> **WHAT THE EXERCISE ASKS**:
Everything from the line containing "Kick Buttowski - Single" down to the last line below should be set down exactly, and only that, without the pictures.

> **DATA UNDER STUDY**:

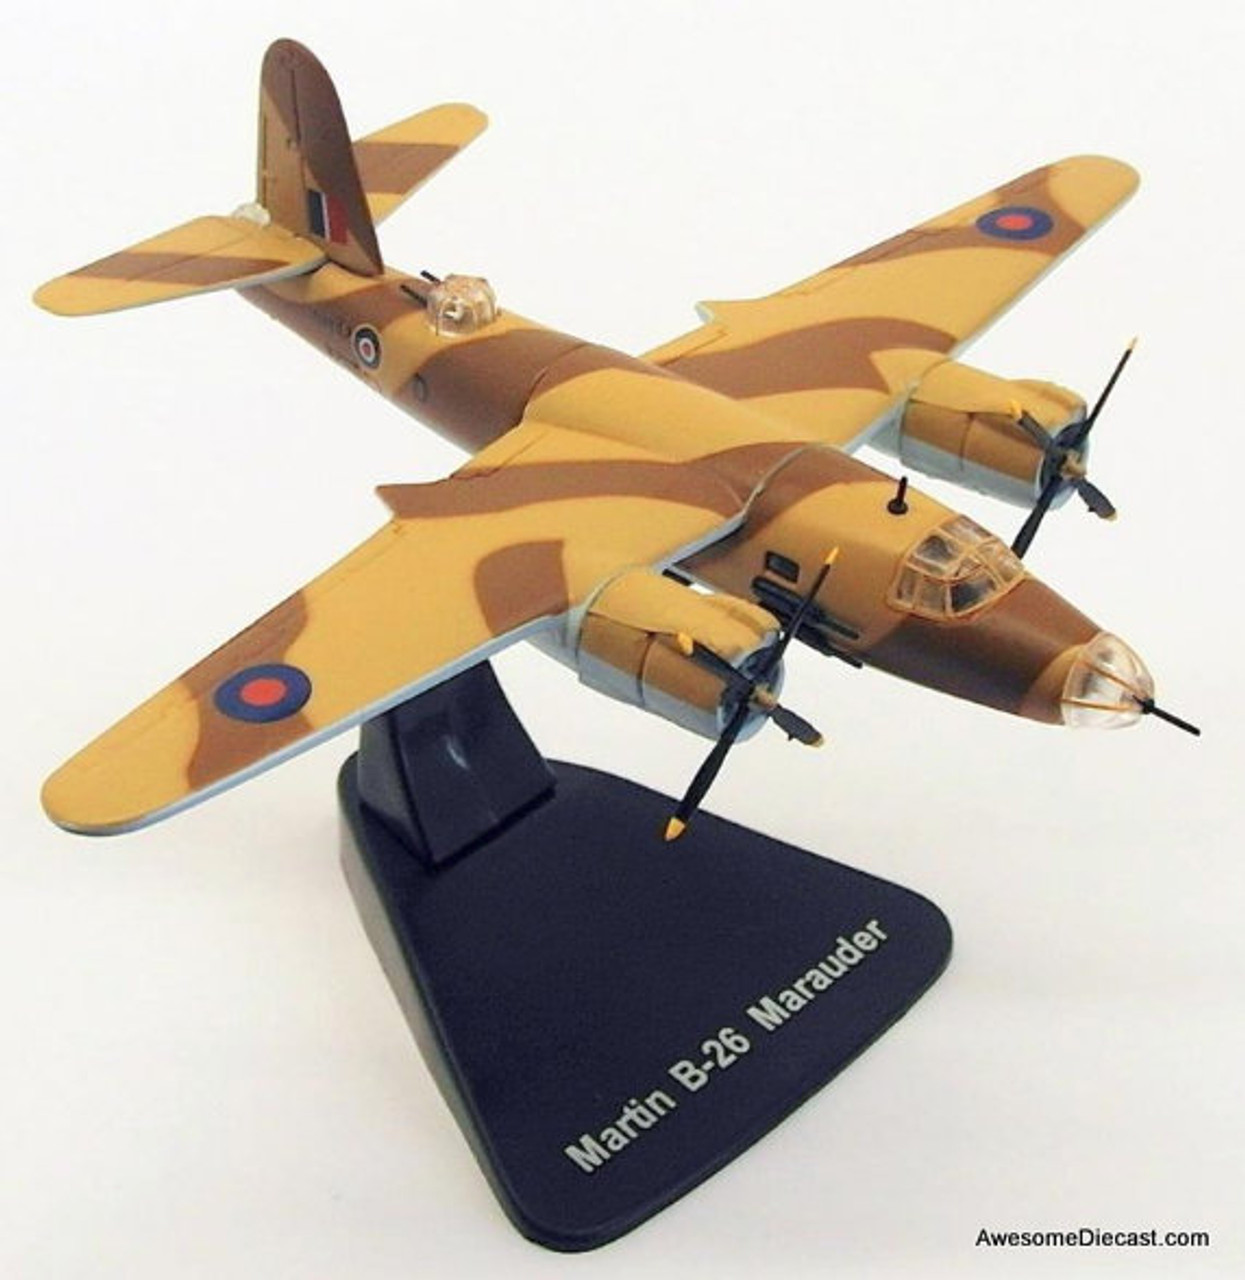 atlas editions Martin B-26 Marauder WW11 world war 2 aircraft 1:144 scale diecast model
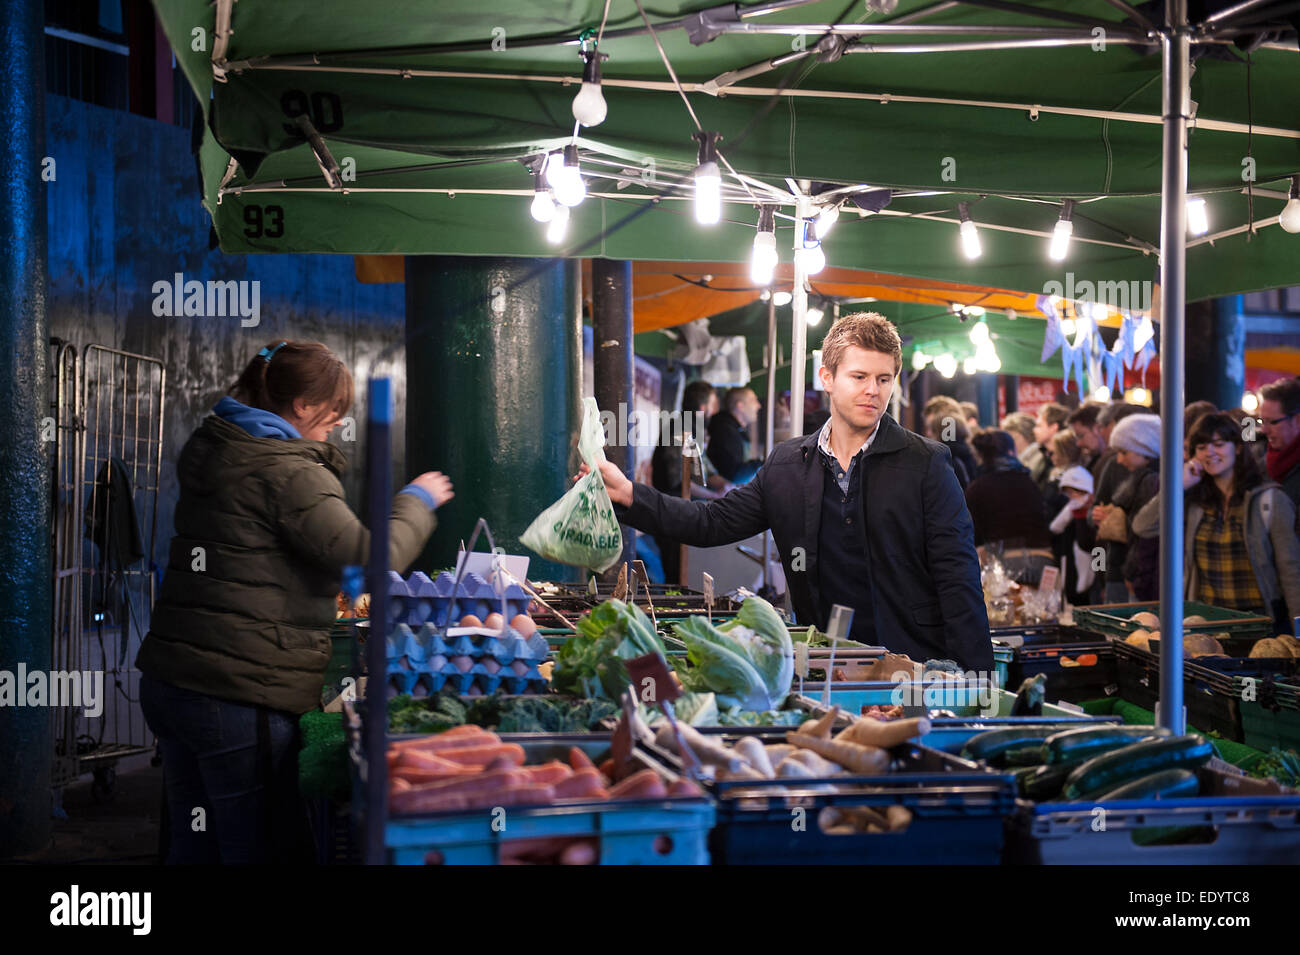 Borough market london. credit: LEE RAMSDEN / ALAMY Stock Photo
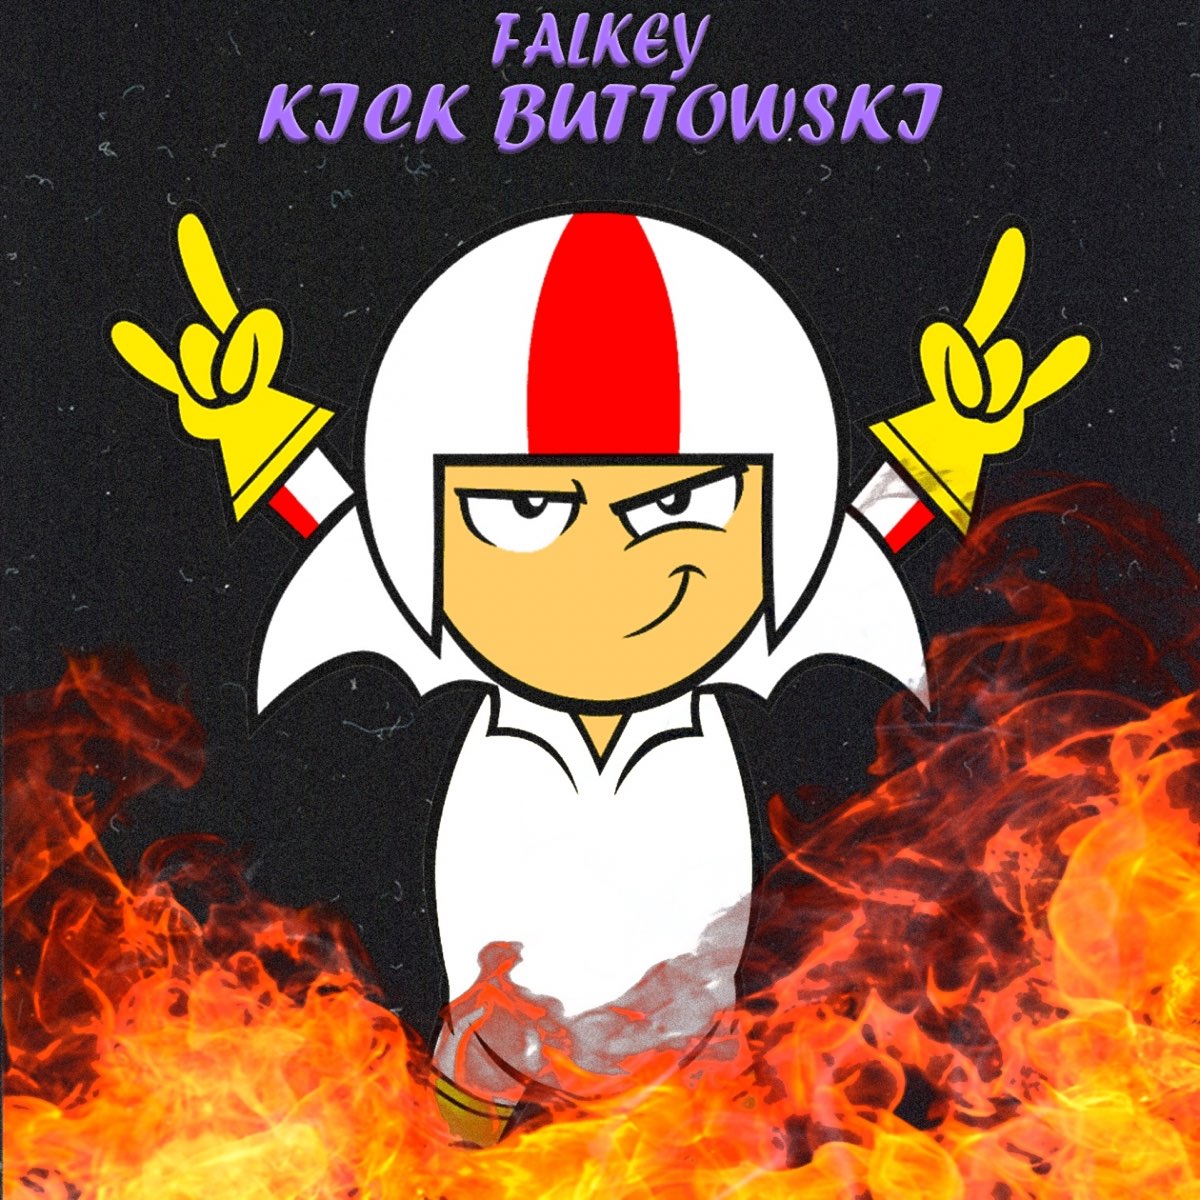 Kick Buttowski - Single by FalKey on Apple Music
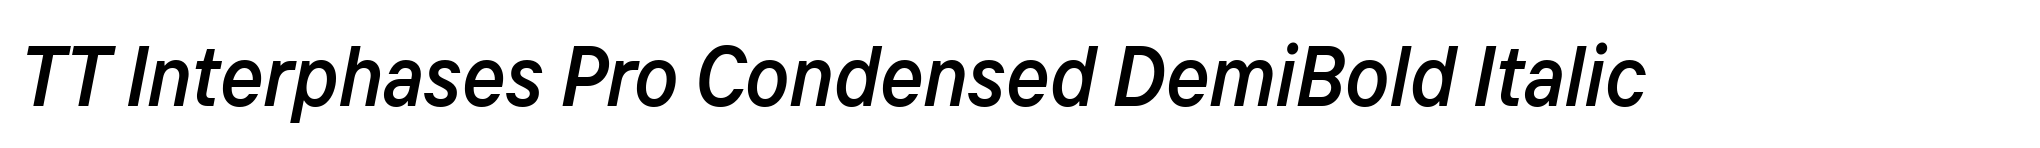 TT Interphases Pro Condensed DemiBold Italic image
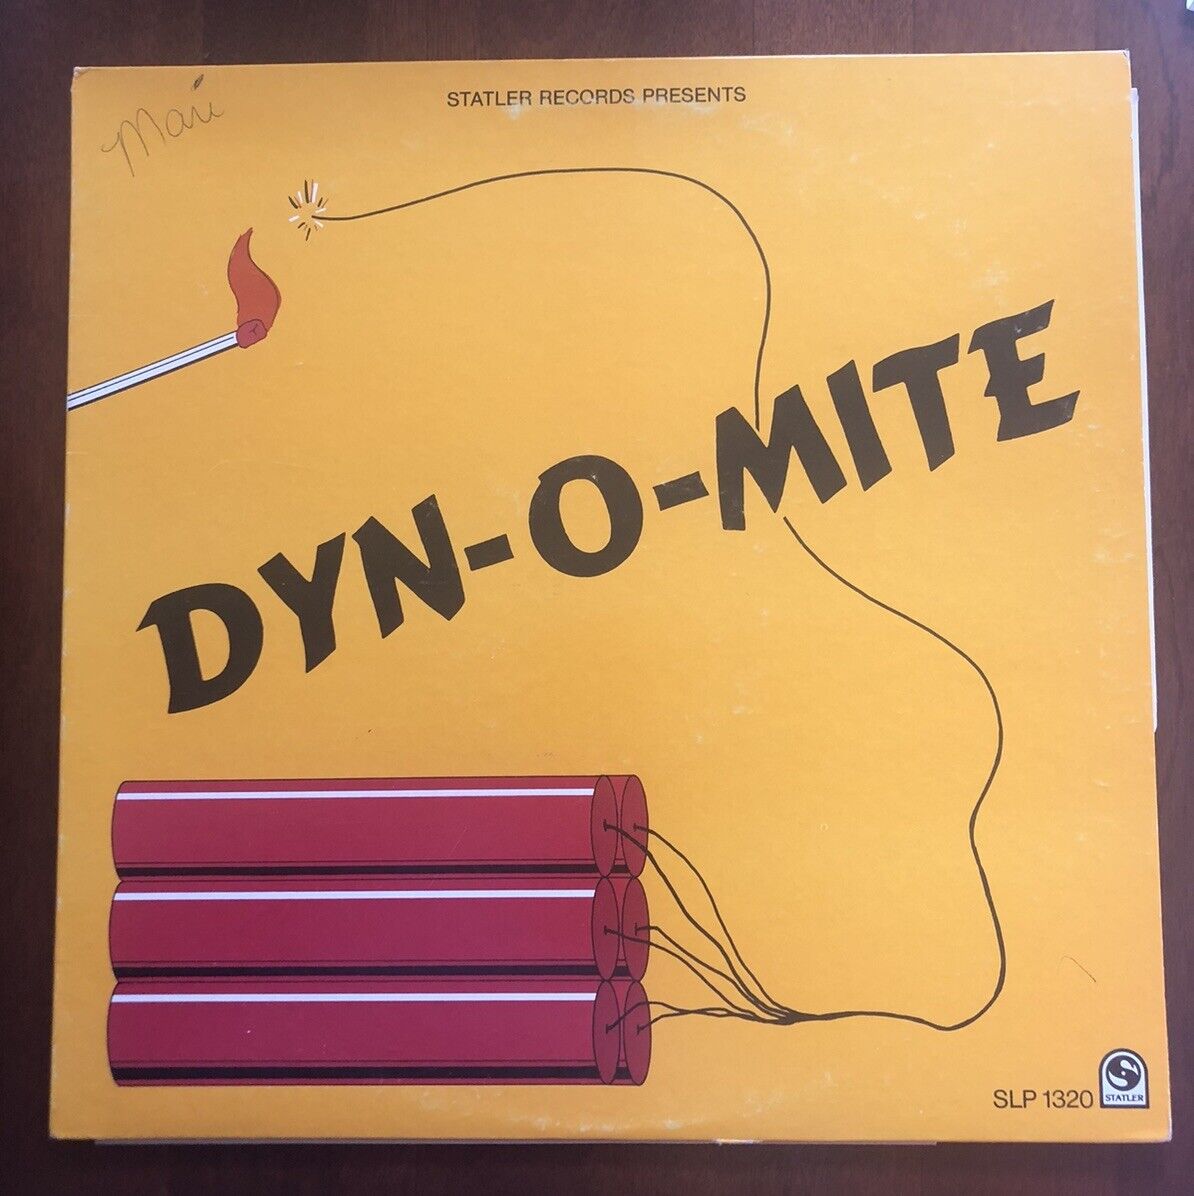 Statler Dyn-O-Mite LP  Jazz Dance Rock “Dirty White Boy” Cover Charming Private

> **EXPECTED ANSWER**:
 Kick Buttowski - Single by FalKey on Apple Music
 TT Interphases Pro Condensed DemiBold Italic image
 Statler Dyn-O-Mite LP  Jazz Dance Rock “Dirty White Boy” Cover Charming Private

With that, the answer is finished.